In this modern context, World Bank Group economists work to help policymakers identify the main trade-related constraints to achieving sustainable poverty reduction and shared prosperity. They might first examine the country’s specific environment, pinpointing what sectors currently benefit from trade agreements and patterns of trade, and look at how those sectors contribute to economic growth. Other questions to ask include:

  • What has been the impact on employment and wages in these sectors compared to other sectors?
  • Are these sectors competitive and sustainable in the long run?
  • To what extent is the country’s export model based on high value-added products that incorporate innovation or technology adoption, and is the incentive framework effective in enabling innovation/adoption?
  • How concentrated or diversified is trade with respect to product mix and destination markets?
  • Are there barriers to diversifying further (tariffs, NTMs, education policy, services inputs, trade/logistics constraints, regulatory environment)?
  • Are current patterns of trade sustainable from the environmental, social and fiscal perspectives?
  • What is the country’s capacity to weather trade/macro/current account/competition shocks?

Methodologies for diagnosing constraints

The World Bank Group’s trade experts have developed a range of analytical tools to answer these policy-related questions.

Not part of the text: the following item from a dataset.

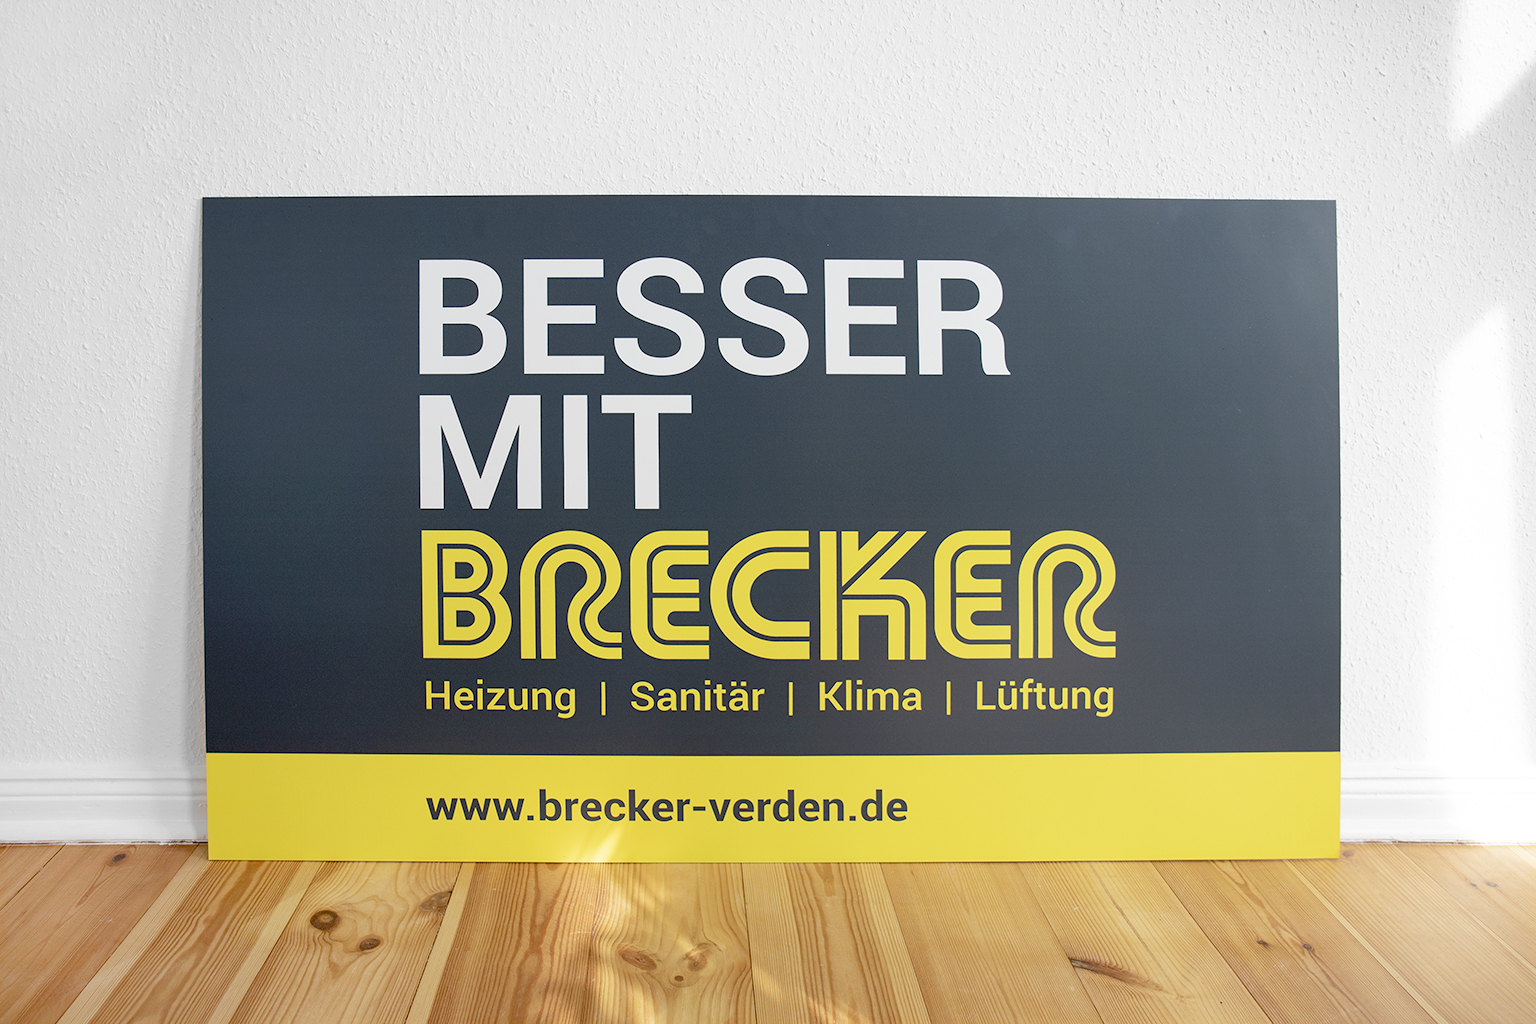 brecker-verden-schild

  1. Assessment of trade policy/RTAs/WTO accession/PTAs on international trade flows
  2. Regulatory Assessment on Services Trade and Investment (RASTI)
  3. Streamlining Non-Tariff Measures: A Toolkit for Policy Makers
  4. Trade Competitiveness Diagnostic Toolkit
  5. Toolkit For the Analysis of Current Account Imbalances
  6. Conflict, climate change, food security and gender-related trade analysis

Possible remedies

Experts in the field and in Washington then use a range of instruments to address clients’ trade-related challenges, and publish possible remedies in various forms, including stand-alone trade analyses, Diagnostic Trade and Integration Studies (DTIS), and Country Economic Memoranda. Trade analysis informs some policy-based lending operations, and technical assistance plays a crucial role in enhancing countries’ ownership and understanding of trade-related reforms. This assistance sometimes addresses specific policy questions, such as the impact of joining a regional trade agreement, or more general objectives such as improving clients’ capacity to perform trade monitoring and policy evaluation.